● **INPUT MATERIAL**:
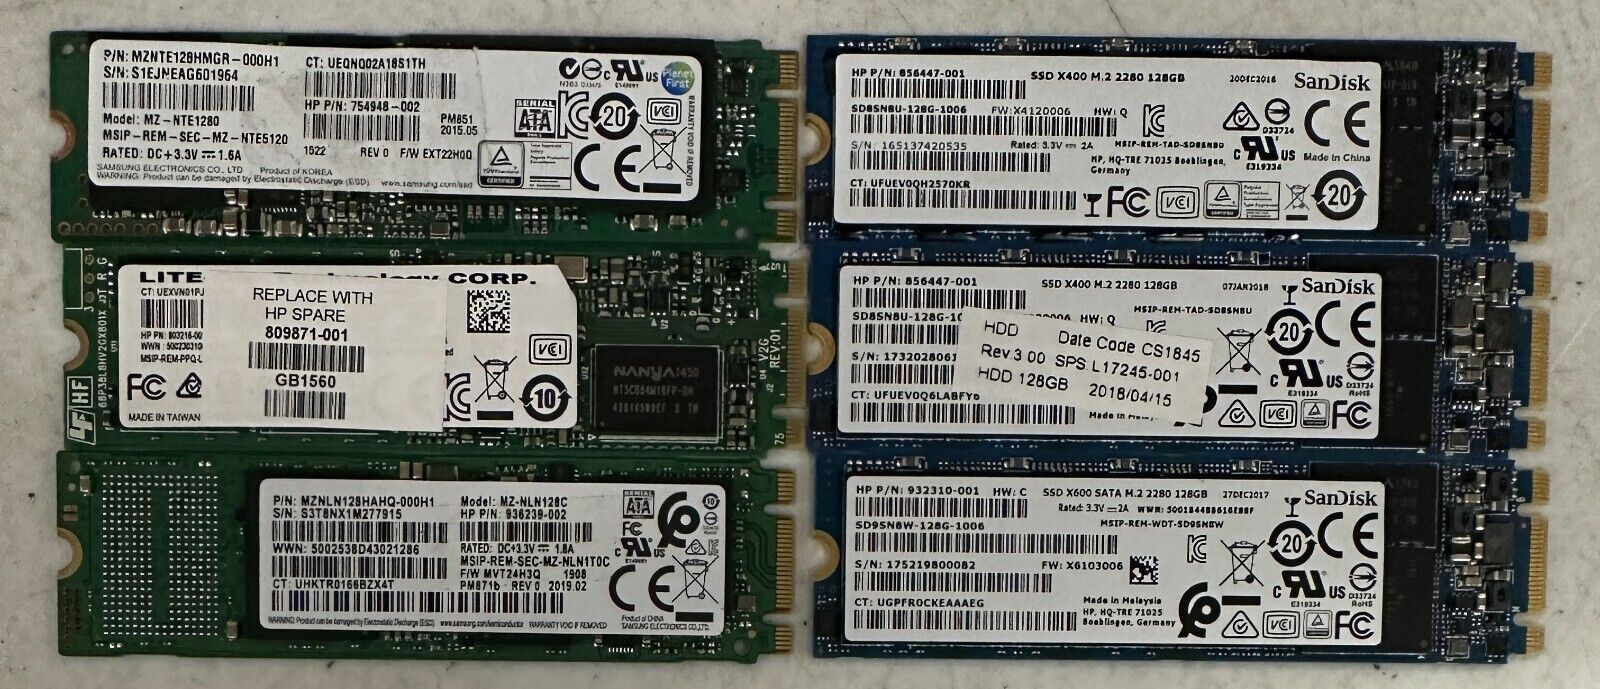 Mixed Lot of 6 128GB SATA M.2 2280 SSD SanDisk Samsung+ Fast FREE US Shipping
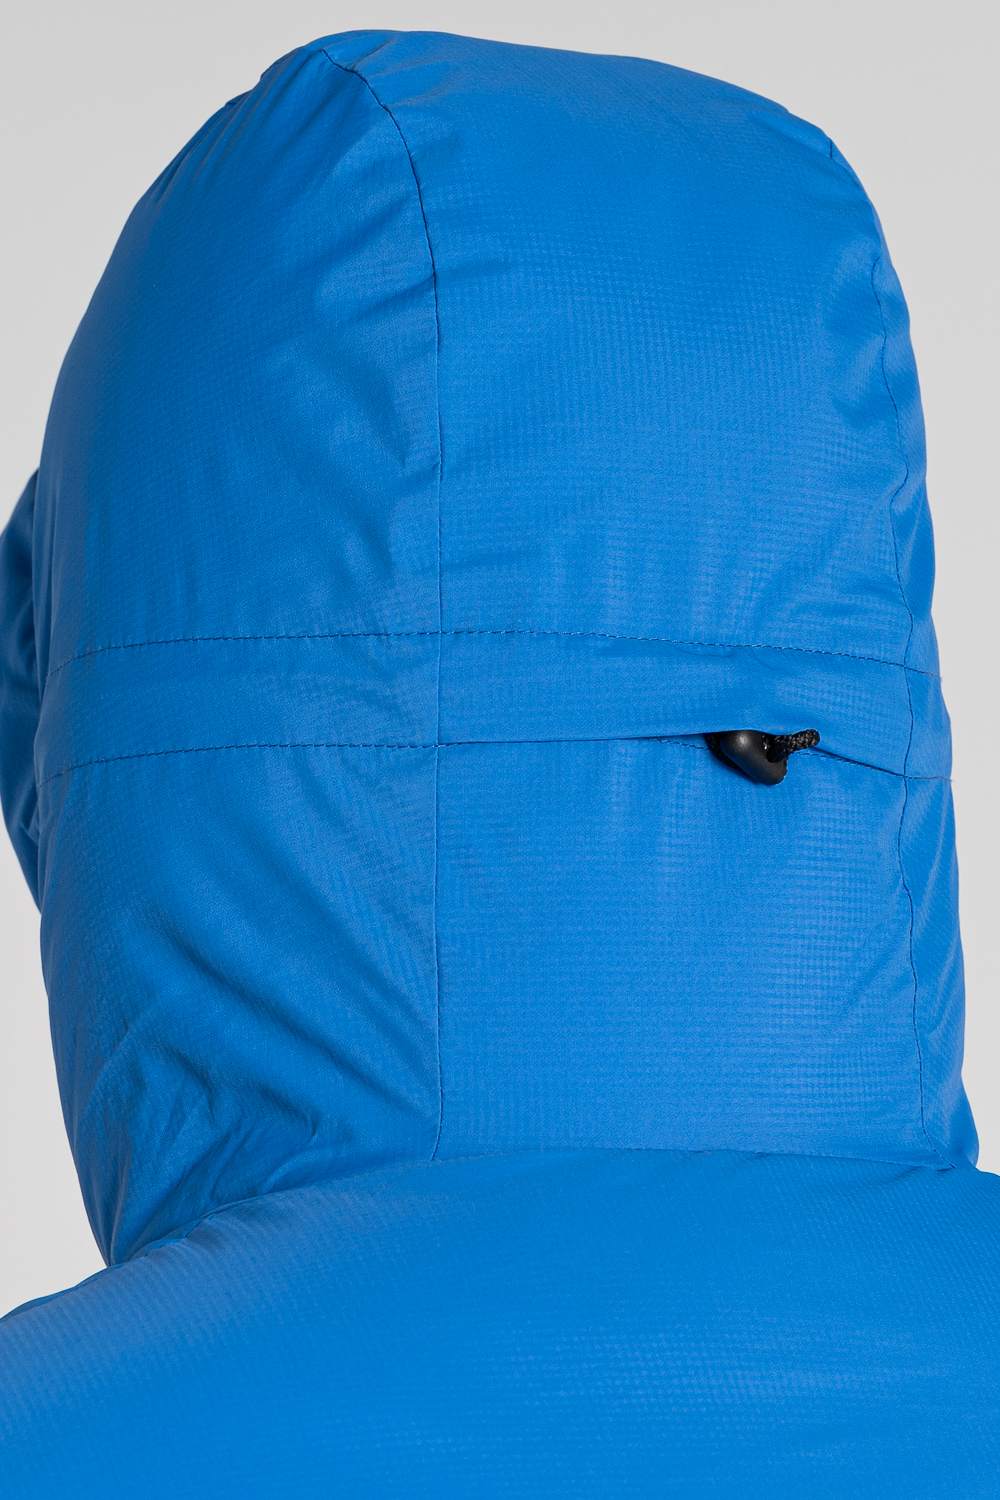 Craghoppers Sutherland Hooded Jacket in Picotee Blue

--

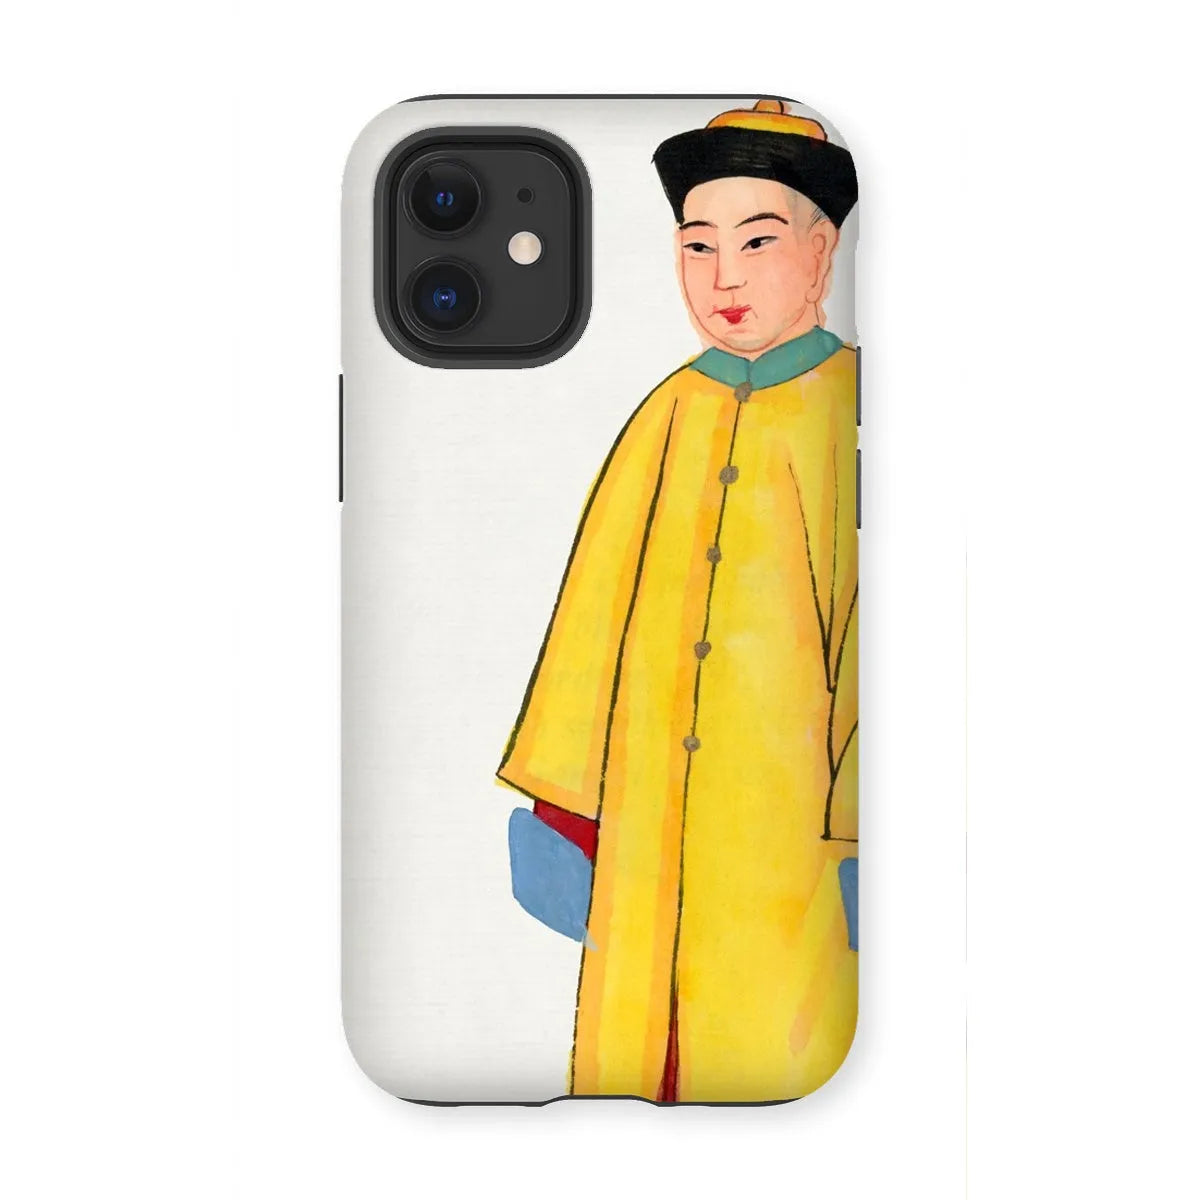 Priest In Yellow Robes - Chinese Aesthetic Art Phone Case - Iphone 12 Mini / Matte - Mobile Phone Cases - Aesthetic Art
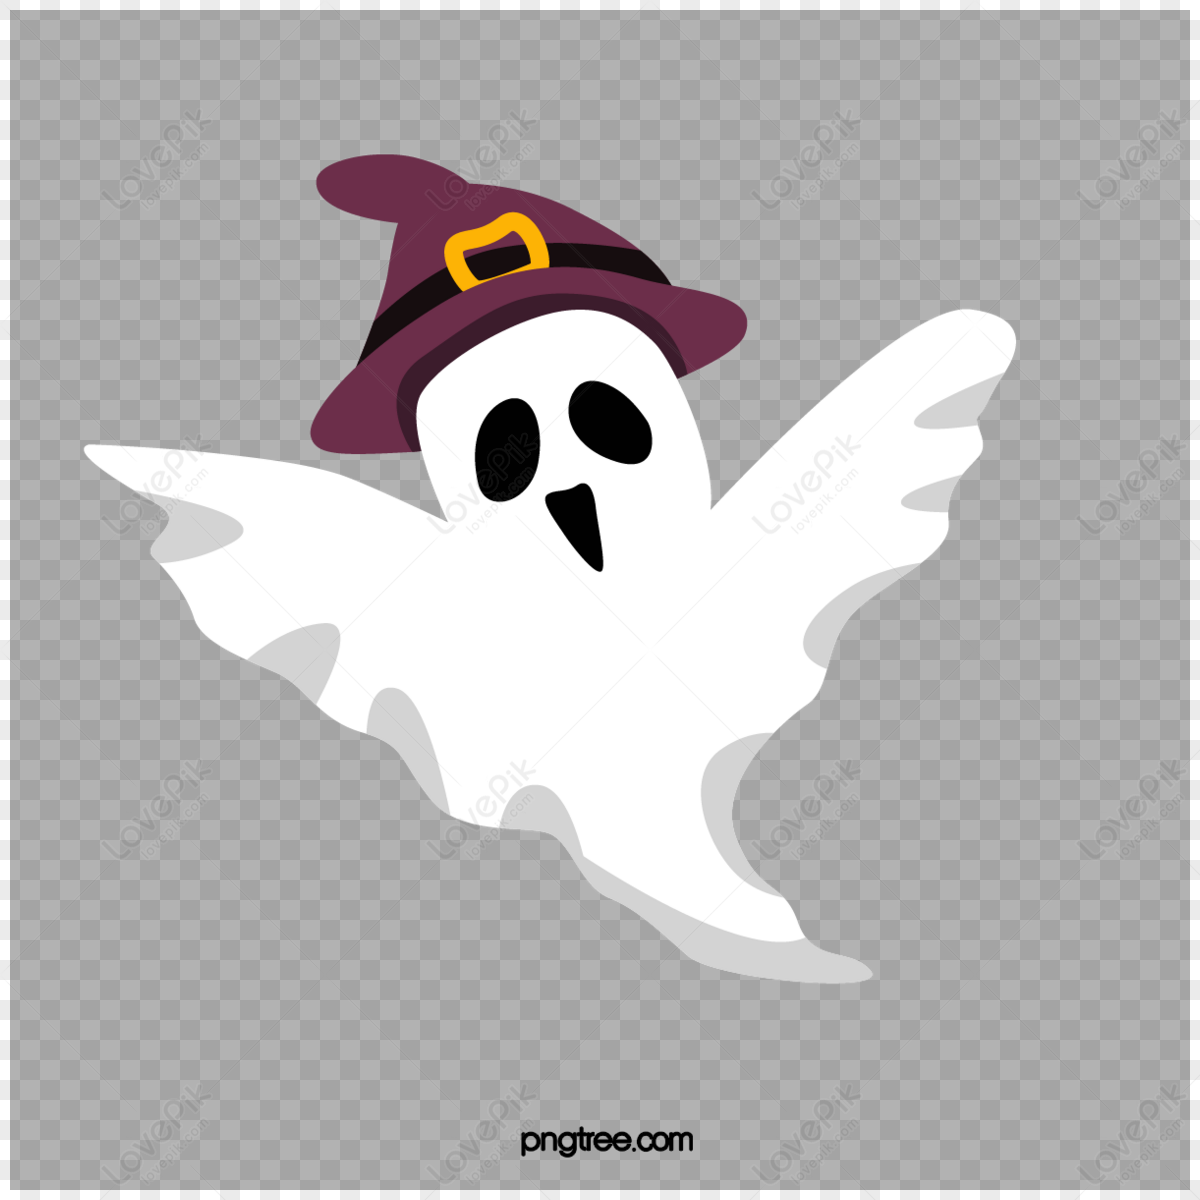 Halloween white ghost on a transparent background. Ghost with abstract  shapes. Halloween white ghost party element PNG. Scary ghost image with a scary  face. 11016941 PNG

● **INSTRUCTIONS TO FOLLOW**:
When you reach the line holding "Mixed Lot of" in the listing above, begin retyping exactly, and stop once the line holding "Craghoppers Sutherland Hooded" is done; pictures stay out.

● **RESULT OF THIS EXERCISE**:
 Mixed Lot of 6 128GB SATA M.2 2280 SSD SanDisk Samsung+ Fast FREE US Shipping
 Craghoppers Sutherland Hooded Jacket in Picotee Blue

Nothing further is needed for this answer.